First, make sure you have followed the getting started guide on the Linux page.

You should now have the latest Phidget software installed and have the HelloWorld C program running. If your device is not listed when the program runs, verify that your computer has detected the Phidget via USB. To check this, you can use the kernel log reader dmesg. Pipe the output of dmesg into the utility tail to read the last ten lines of the log:

 $> dmesg | tail
 ....(3 lines)....
 [337.189132] usb 1-2: new full-speed USB device number 5 using ochi-pci
 [337.464709] usb 1-2: New USB device found, idVendor=06c2 idProduct=0034
 [337.464714] usb 1-2: New USB device strongs: Mfr=1, Product=2, SerialNumber=3
 [337.464718] usb 1-2: Product: 1024_0
 [337.464721] usb 1-2: Manufacturer: Phidgets Inc.
 [337.464724] usb 1-2: SerialNumber: 388624
 [337.491426] usb 1-2: hid-generic 0003:06C2:0034.0004: hiddev0,hidraw1: USB HID v1.01 Device [Phidgets Inc. 1024_0] on usb-0000:00:06.0-2/input0

The number between the [ ] is the system time in seconds since the last boot up, so you can tell whether the event was recent or not. (This will also tell you the interrupt type of Phidget that is registered by the USB interface, see the common problems section below for more information on what this means.)

The Phidget should both connect and disconnect properly, so unplugging it should result in an additional line at the tail:

 $> dmesg | tail
 ....(9 lines)....
 [744.558055] usb 1-2: USB disconnect, device number 5

If you can see your Phidget in the USB list even though it does not show up in the Hello World C program take a moment to check the basics:

  • No other programs, drivers, or processes are using that USB port in software
  • You are running the example program as root (or your udev rules have been set properly)
  • You are using libusb 1.0 (not the older 0.1 release)
  • You have compiled versions of libphidget22.a and libphidget22.so in your system library location (usually /usr/lib)
  • The Phidget libraries are the latest version
  • Your Linux kernel version is 2.6 or later (type uname -r in a terminal to get your kernel version)
  • Check the common problems section below, some specific combinations can cause problems

Communications Troubleshooting

To determine whether the problem is a communications problem, check operation using the shortest, most direct connection you can, including both:

  • Data connections, and
  • Power connections

If you believe a connection may be at fault:

  • Use short USB cables (<5 m)... long wires lead to poor sensor data and/or inadequate power
  • Use powered USB hubs or direct connections to a computer.
  • Try unplugging everything on the hub except the Phidget.
  • Try plugging the Phidget directly into the computer instead of using a hub.
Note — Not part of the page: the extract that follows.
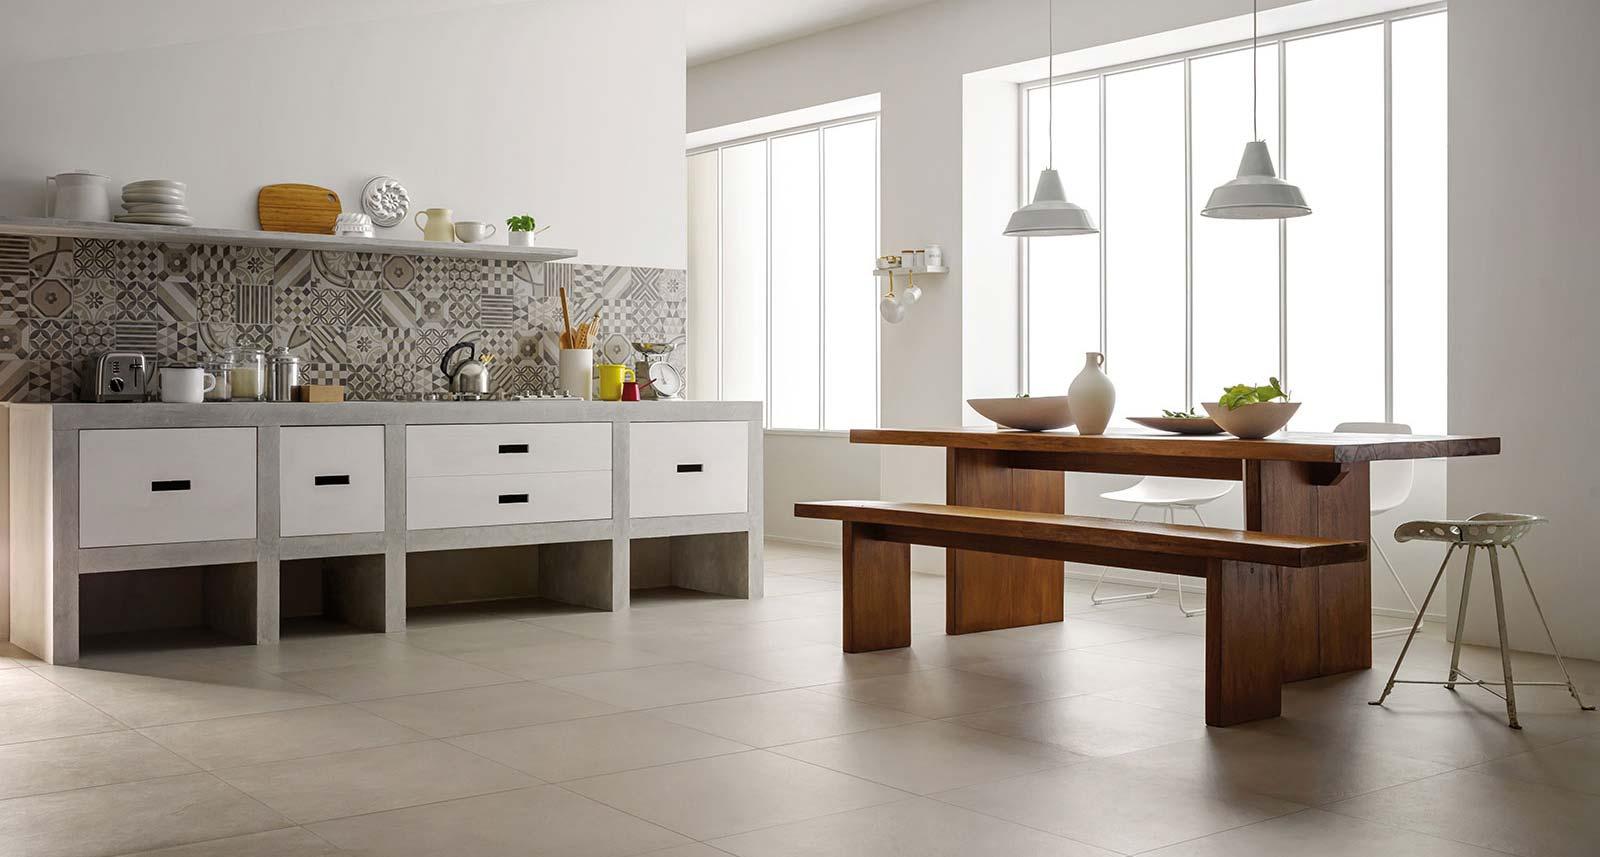 Piastrelle cucina piastrelle cucina come scegliere i

If this solves the problem, either the hub is at fault, or the added length of cable from the hub to the computer may have caused instability.
  • Make sure any cables between Phidgets are correctly connected. Helpful pictures can be found on the User Guide for your device
  • If your Phidget needs external power, such as the motors and relays, the proper way to provide it can be found on the product page for your device on our main website

Communication problems come from either (a) power issues, or (b) connection issues. Once everything is plugged in and powered properly, there is not a whole lot that can go wrong with cables.
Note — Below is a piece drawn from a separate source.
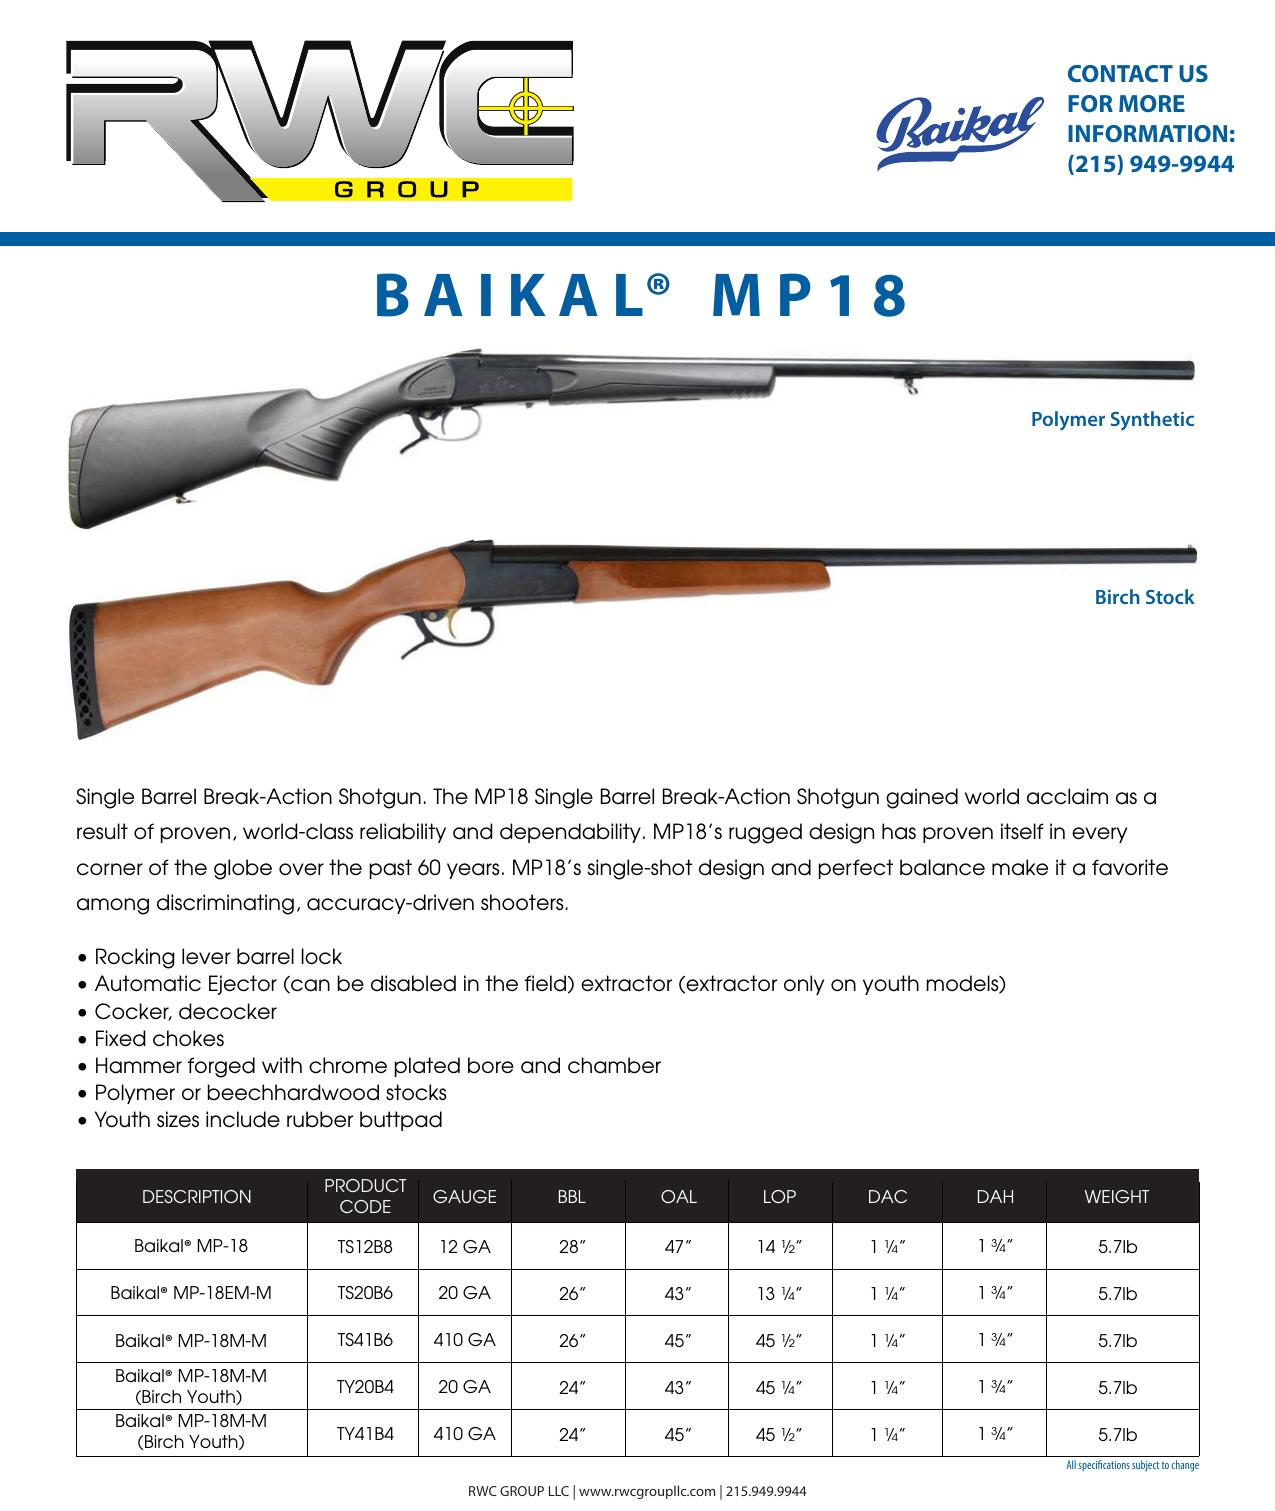 baikal® mp - Kalashnikov USA | manualzz com

The one exception to communications problems being only from power or connections is if you're using a wireless internet connection to the Single Board Computer. Help for setting up and troubleshooting that Wifi connection can be found on the SBC operating system page.


Device Troubleshooting

To determine whether the problem is with the Phidget itself, check whether the Phidget works on a different computer.

If you suspect the problem is with the hardware:

  • Move the setup to a different operating system. If it appears on another system, you'll want to debug your original system starting with Operating System Troubleshooting
  • Check what your device can and can't do (power, functionality, etc) - this will be found on its product page on our main website.
  • Make sure all the pieces are hooked up correctly. Helpful photos can be found on the Getting Started page for your device in its user guide.
  • If you're trying to do something especially involved, become well-versed in your hardware. We provide lots of information on our primer pages.

It may be tempting to assume that a device "not working" indicates a problem with the hardware. But this troubleshooting page itself shows that even something as simple as a device "not working" could be due to a problem at several different points. The best place to start if you haven't worked through our documentation yet would be the Getting Started guide for your device, found in its user guide.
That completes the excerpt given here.